• _Aim of the exercise_
Every line of the listing below should come back exactly as written, with no images.

═════ Supplied information

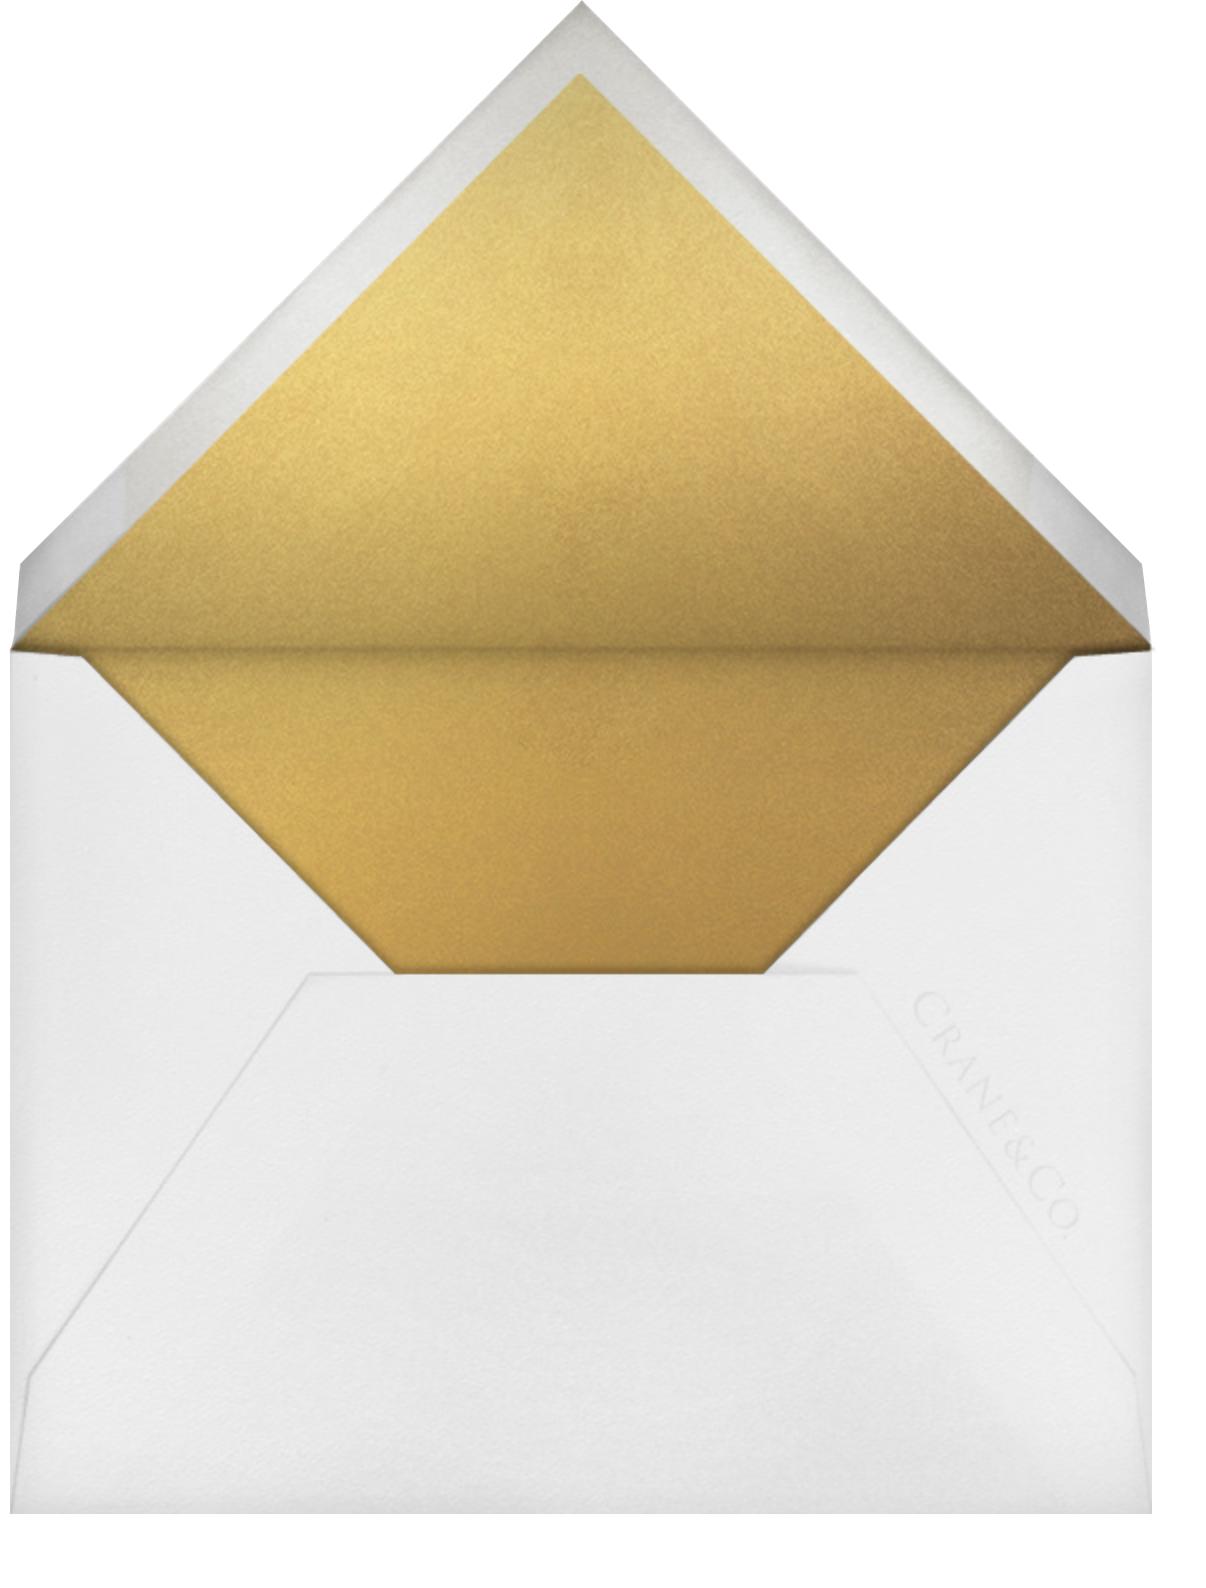 Petals on Lace (Thank You) - Medium Gold - Oscar de la Renta - Envelope
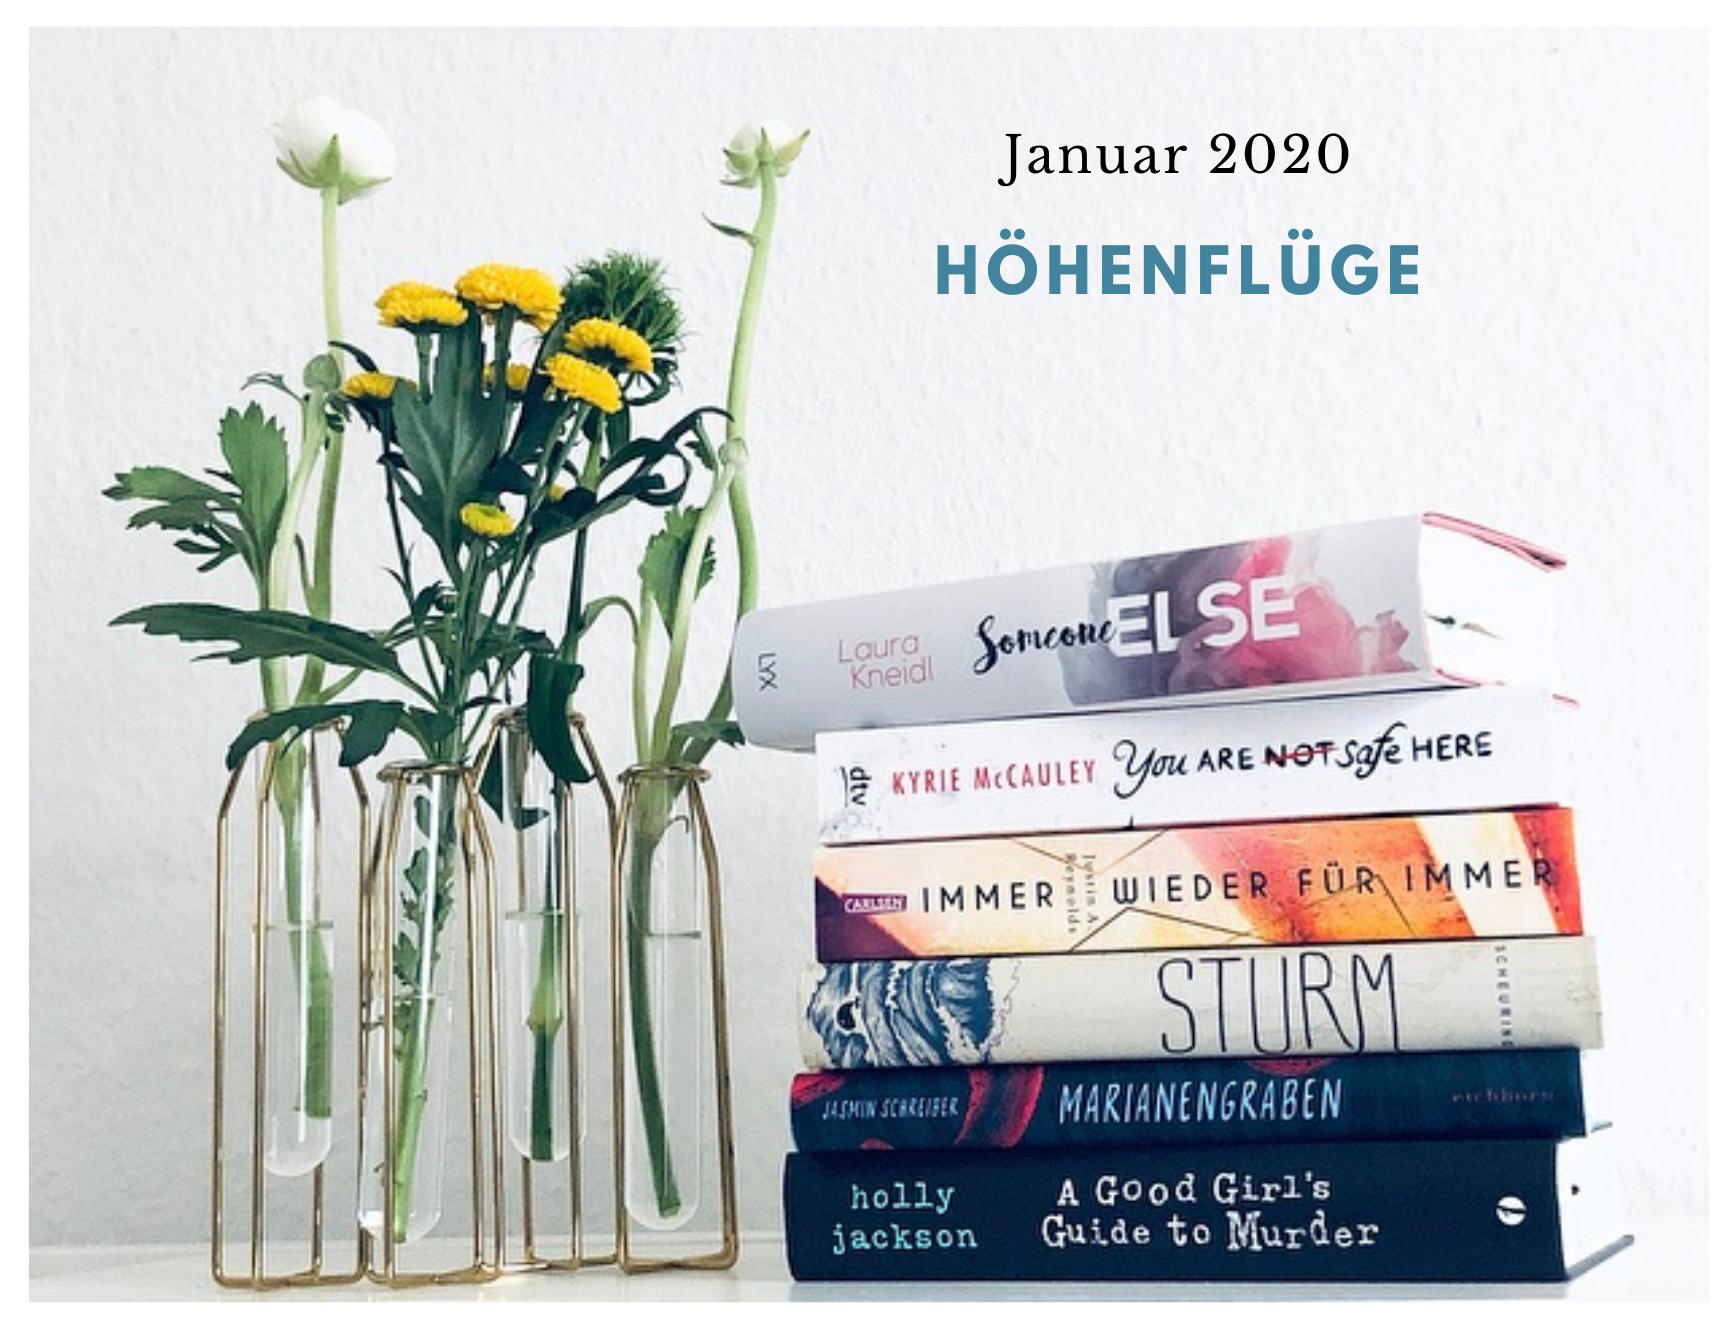 Höhenflüge - Jan. 2020
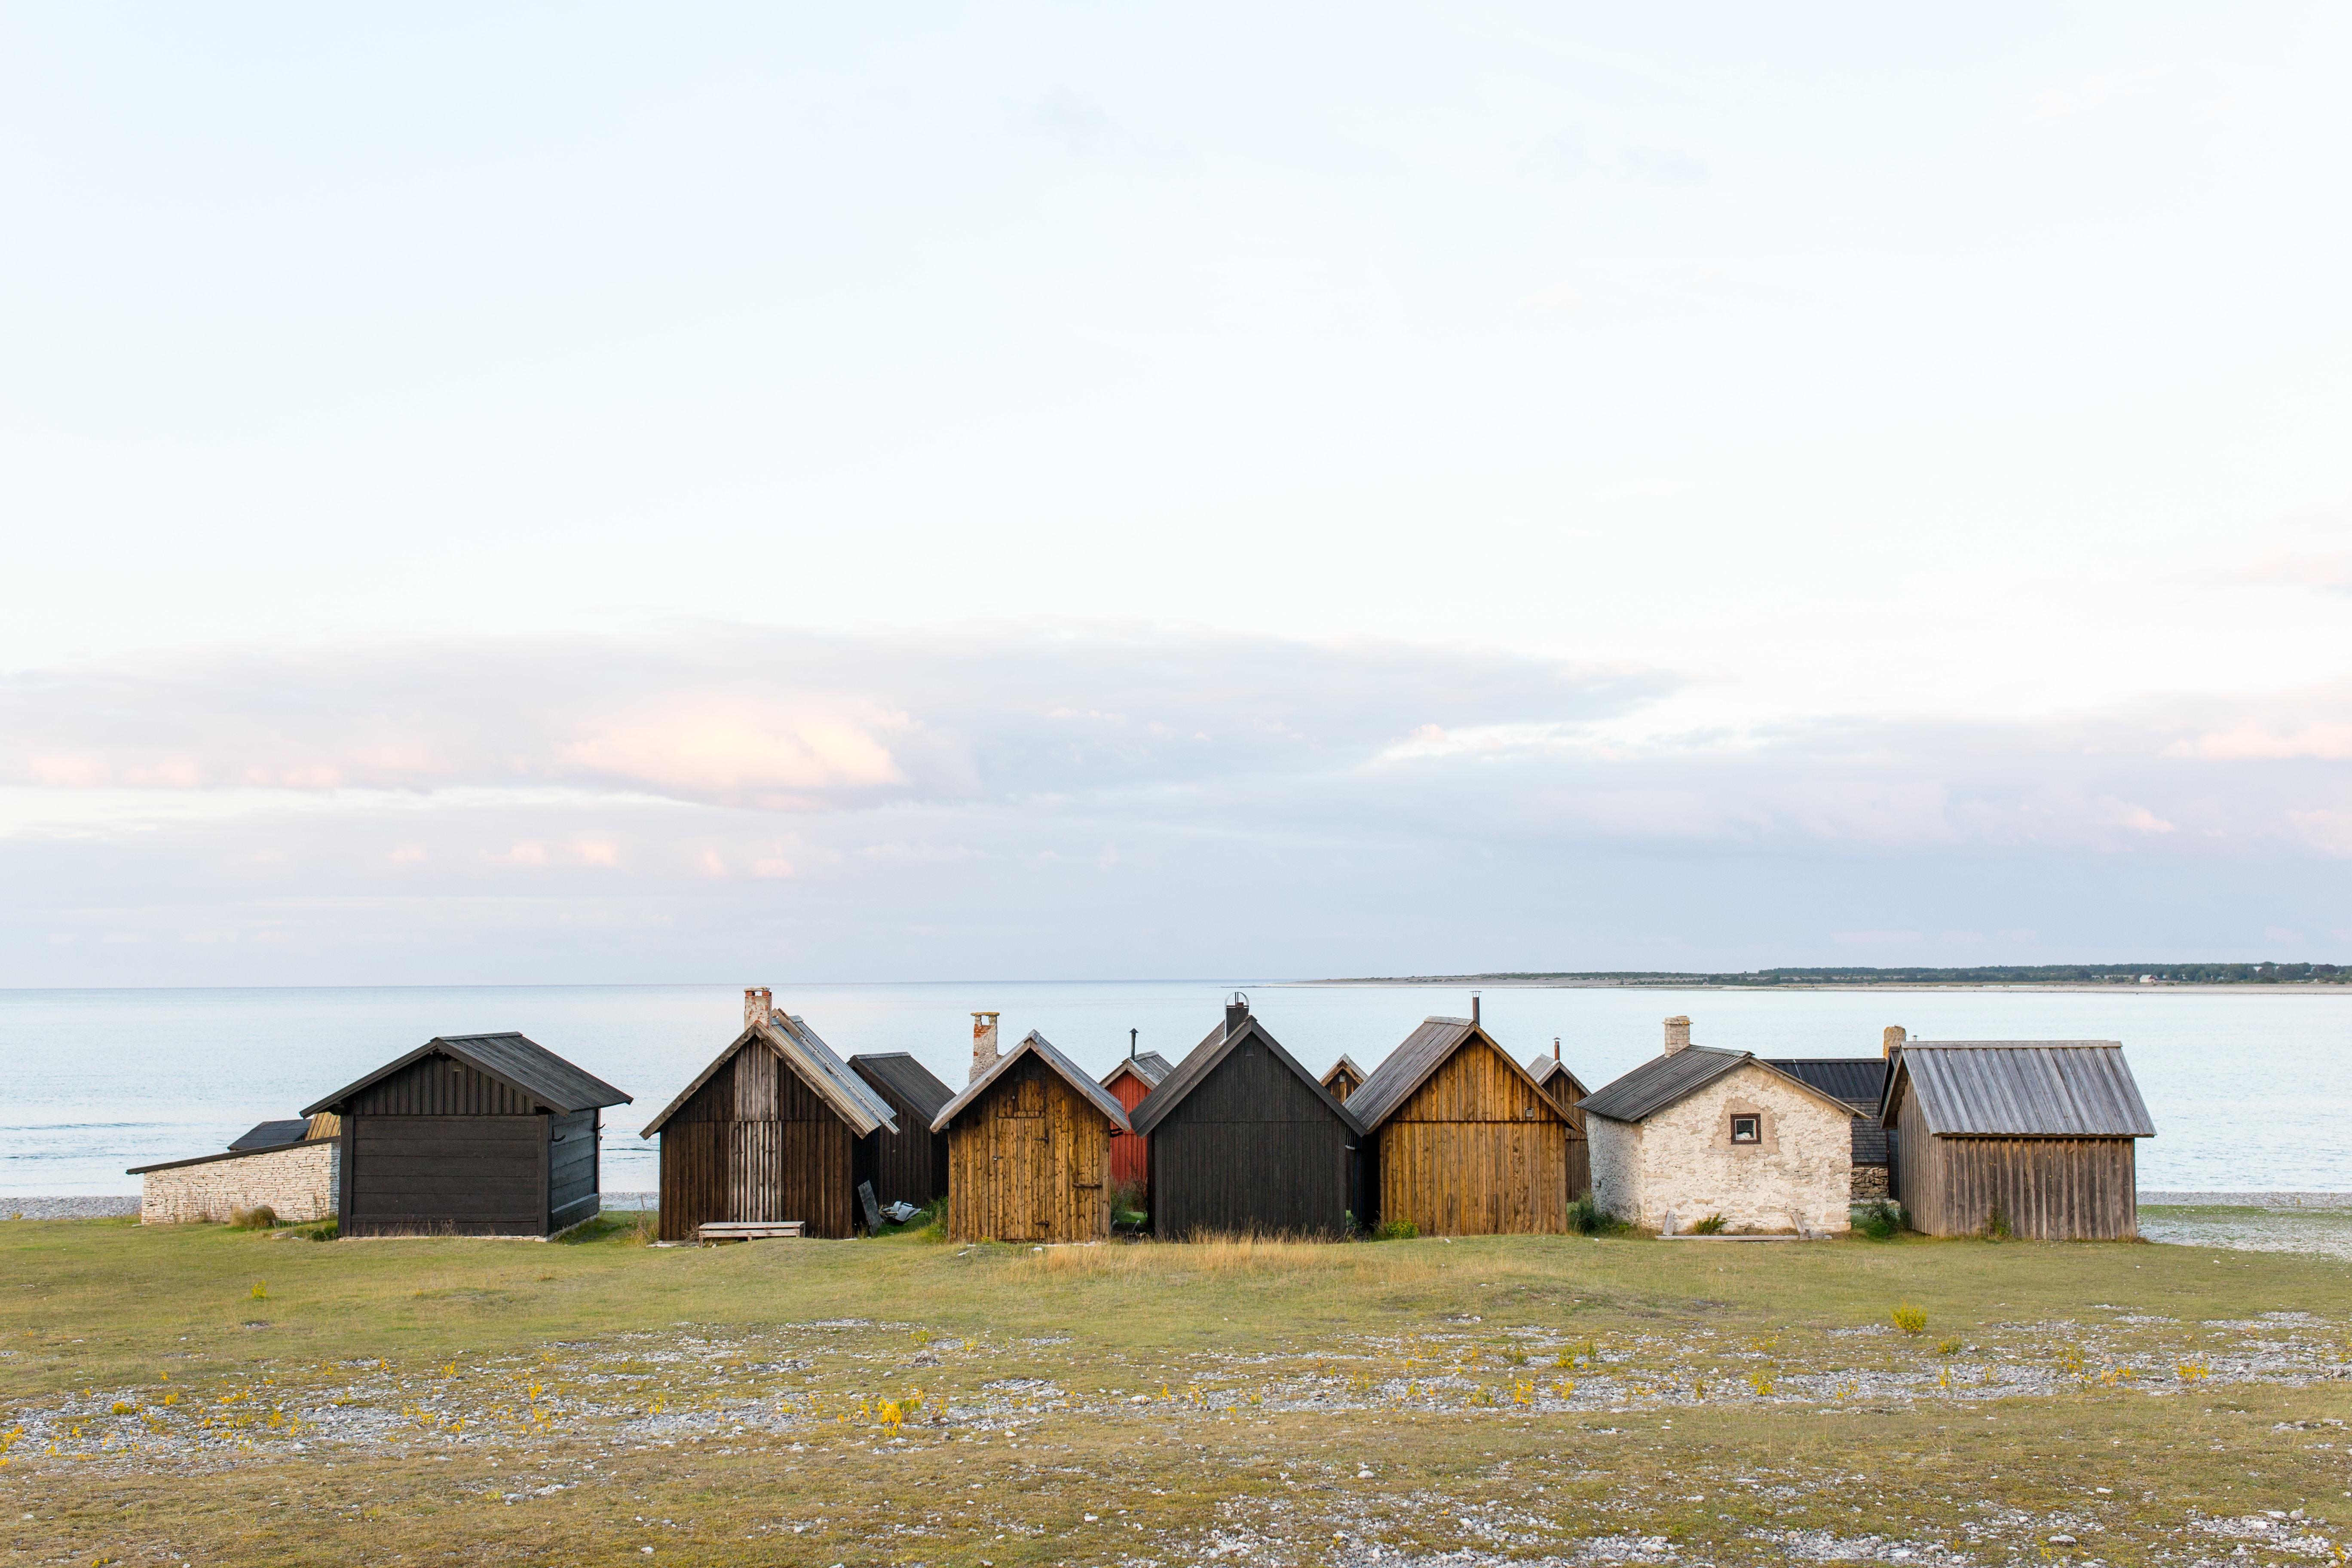 landscape photography of shacks near body of water

══════════

• _Response area_
 Petals on Lace (Thank You) - Medium Gold - Oscar de la Renta - Envelope
 Höhenflüge - Jan. 2020
 landscape photography of shacks near body of water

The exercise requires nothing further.